OpenAIClient Registration: We register the OpenAIClient with Azure OpenAI endpoint and deployment name.
Resilience Policies: We define two primary Polly policies:
- retryPolicy: Catches RequestFailedException with status codes 429 (rate limiting) and 503 (service unavailable). It uses exponential backoff with a random jitter.
- circuitBreakerPolicy: Catches any RequestFailedException (excluding authentication errors) and breaks the circuit after 3 consecutive failures.
Combining Policies: The retryPolicy is wrapped around the circuitBreakerPolicy.
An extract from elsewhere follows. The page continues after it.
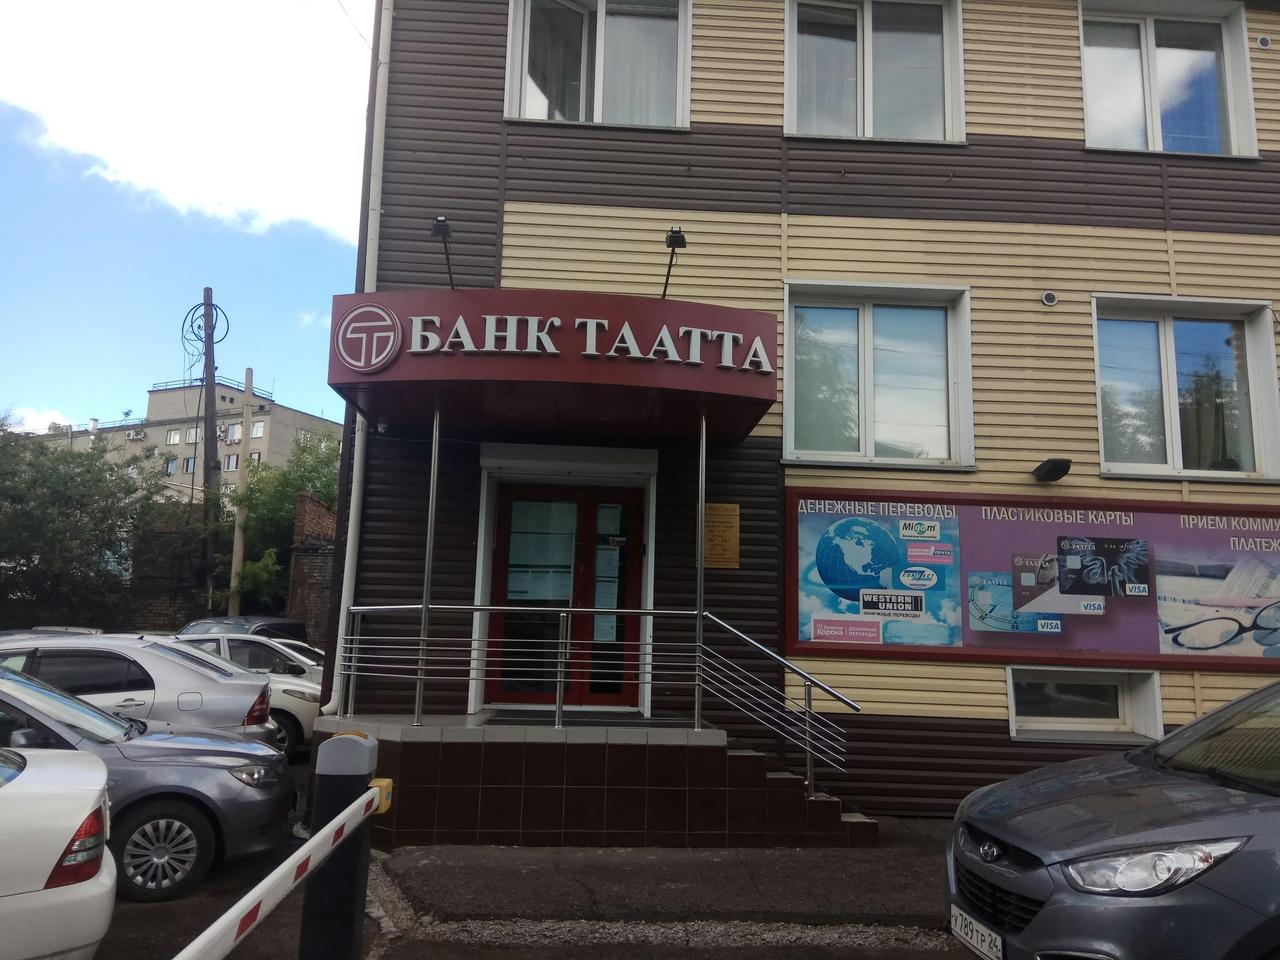 Красноярский филиал банка Таатта не обслуживает клиентов

This means it will retry a few times before the circuit breaker is even considered.
HttpClient Integration: The HttpClient used to communicate with Azure OpenAI is configured to use the registered resilience policy.
Agent Usage: The PipelineOrchestratorService demonstrates how to fetch the policy from the IPolicyRegistry and execute the AnalyzeAsync method within its ExecuteAsync block. This ensures that the AnalyzeAsync call benefits from the configured retry and circuit breaker logic.

Java Implementation

We’ll use Resilience4j for robust retry and circuit breaker patterns.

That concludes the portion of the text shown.